In June, Valley Water’s board mandated a 15% cut to water use from 2019 levels, to be implemented by the local water agencies it supplies. Board chair Gary Kremen said he wouldn’t be surprised to see an update to the restrictions and rebate programs come up for another vote.
“You use the word dire,” Kremen said. “But for us, it’s kind of worse than dire.”
The storms early in the rainy season mean California’s water supplies are in better shape now than last year, said state climatologist Michael Anderson. Nearly the entire state is in moderate drought, with about two-thirds in severe drought. But if precipitation totals hold, he expects this year to round out the driest three years on record — even drier than the three-year span between 2013 and 2015 during the last record-breaking drought.

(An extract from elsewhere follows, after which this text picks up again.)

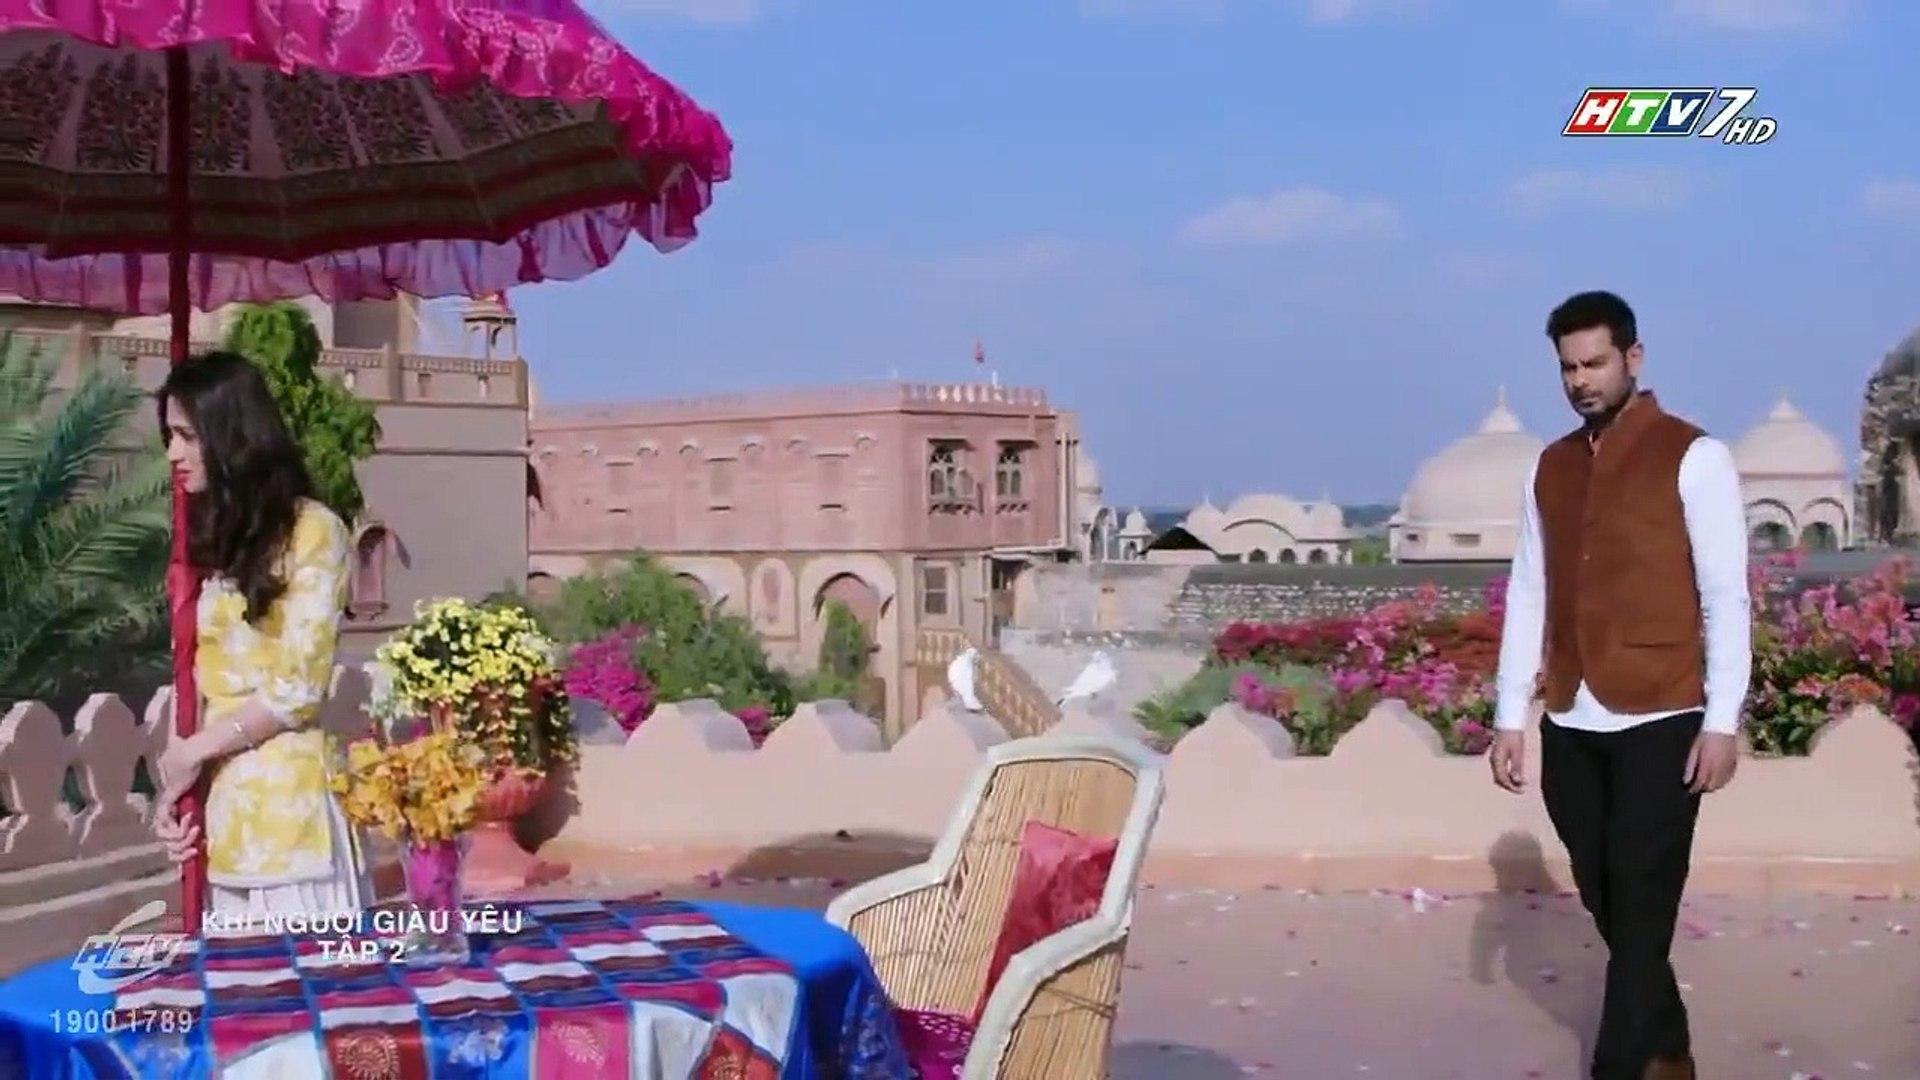 Khi Người Giàu Yêu Tập 2 - HTV7 Lồng Tiếng - Phim Ấn Độ - Phim Khi Nguoi Giau Yeu Tap 2 - Phim Khi N

“The challenge is, this is year three of the drought rather than year two,” Anderson said. “And in terms of a three-year period, we’re likely going to set a new record for a three-year window of drought.”
The snowpack, too, hasn’t increased. A critical water supply, the Sierra Nevada snowpack was measured at 72% of normal for Feb. 15, but only 55% of the seasonal average measured on April 1. And in parts of the state, the snow is already melting.
“You’re in this window where you’re still expecting to be building (snow)pack, but it’s already starting to melt,” Anderson said. “The challenge will be how much snowpack makes it to spring, and how much shows up in the reservoirs.”
Anderson is keeping an eye on the months ahead, and hopes that March will bring more rain and snow than anticipated. A big question will be how much runoff from snow melt in the Sierra Nevada will reach California’s reservoirs, which saw substantially less runoff than expected last year.
“The good news is there’s room in the reservoirs to capture what does make it to the streams and come down,” he said. “The challenge is that if we’re dry this early, the demands for water start earlier.”
Most of the state’s reservoirs are sitting below historic averages despite the December deluge, with some notable exceptions, such as Folsom Reservoir — “the breadwinner of the storms,” Michael Macon, who works with the water board’s Division of Water Rights, said Tuesday.
Lake Shasta is about half a million acre-feet — enough to supply 1.5 million households for one year — short of where it stood last year. Oroville has climbed above last year’s levels, but the amount of water flowing out is starting to match water flowing in following a dry January, Macon said.
Looking ahead, Anderson says it’s a matter of waiting and watching whether spring brings more rain and snow, and how quickly summer heats up.
“The challenge then becomes, well, what does summer look like? Does it heat up really fast? Do we end up with a lot of heat waves?” he said. “Or do we get a little bit of a break with some cooler weather?”